While the country lifestyle and lower cost-of-living was appealing, access to housing, health care, connectivity and public transport were seen as key barriers.
Those findings - along with a lack of progress on skilled workforce and education targets - has prompted the think tank to call for "40 for the regions".
Regional Australia should get 40 per cent of the seats at policy-makers' tables, with the same percentage of new migrant settlements and the homes to be built under the National Housing Accord, it said.
"Australia has been caught on the hop by a regional renaissance with critical services, infrastructure and skills playing catch-up to population growth," institute chief executive Liz Ritchie said on Tuesday.
"An urgent intervention, like this commitment, would at least ensure that regional Australians are getting the proportionate focus they deserve."
The institute released a three-year progress report on its vision to ensure 11 million people could live prosperously in the regions by 2032, finding the proportion of skilled workers has dropped slightly in 2025.

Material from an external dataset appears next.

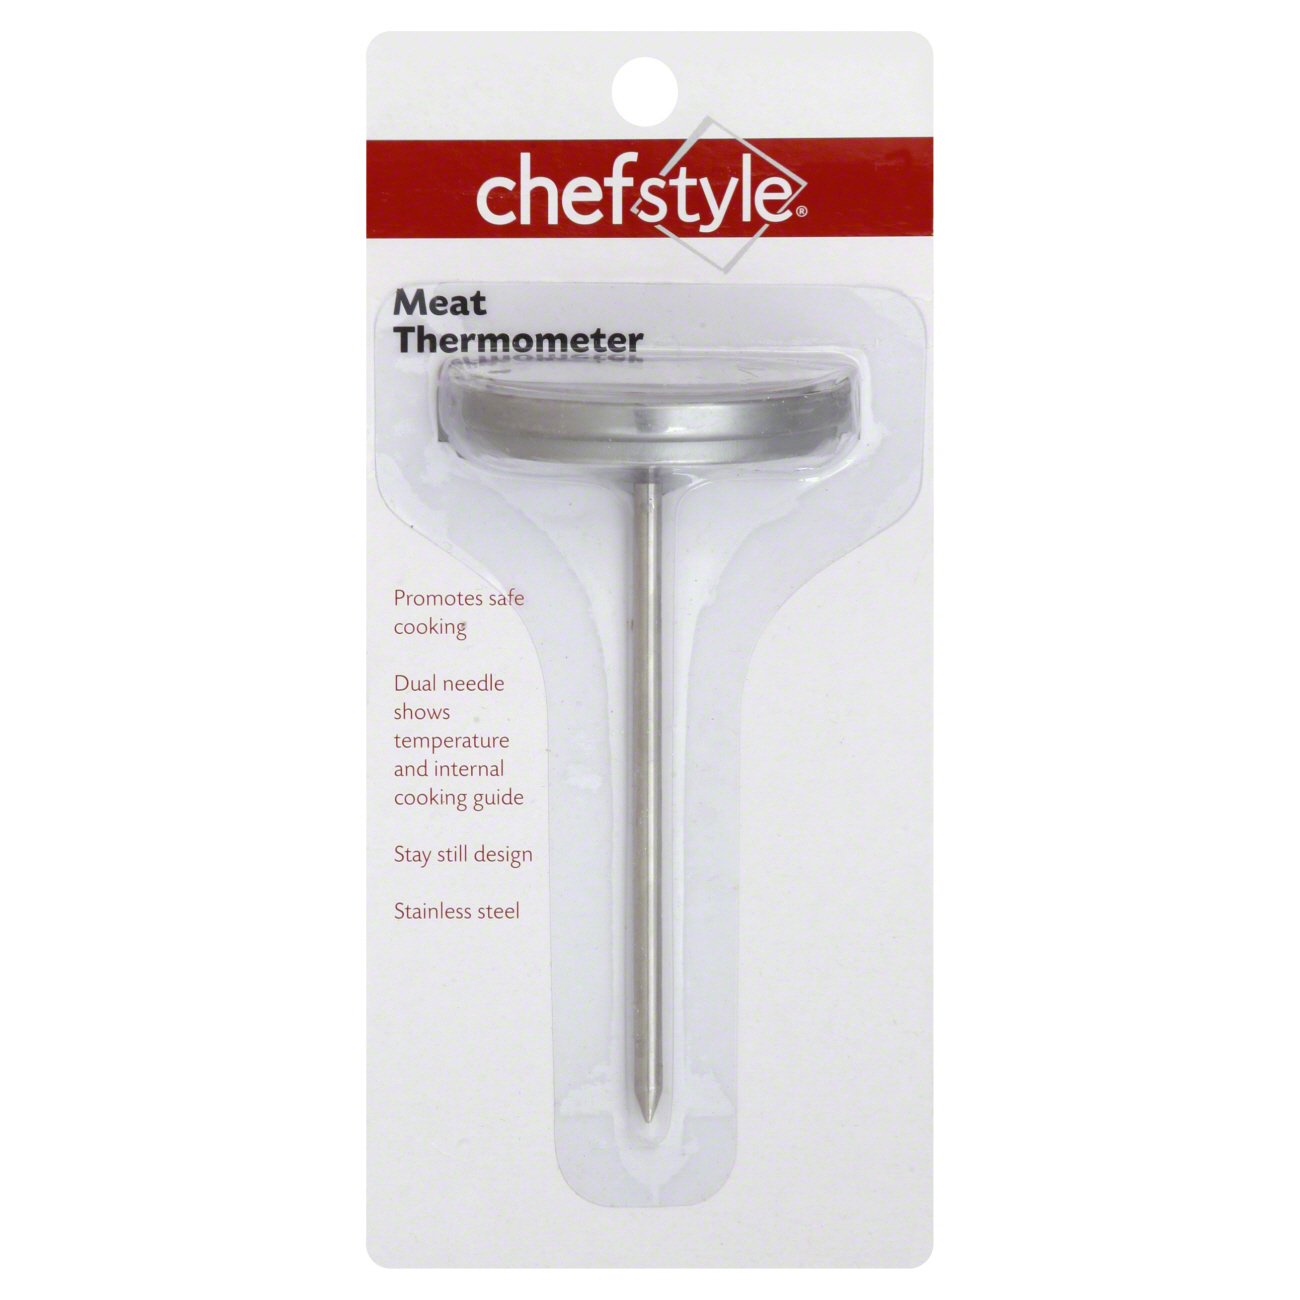 Good Cook Precision Meat Thermometer - Shop Utensils & Gadgets at

The school attainment rate also fell to 74 per cent, while the regional rental vacancy rate remained "tight" at 1.9 per cent in June.
Separate research from the National Rural Health Alliance in August showed an $8.35 billion annual shortfall on health care in the bush, or roughly $1090 per person.
"40 for the regions is recognition that regional Australia has a different set of challenges to our cities and one-size-fits-all decision-making doesn't always deliver equal outcomes," Ms Ritchie said.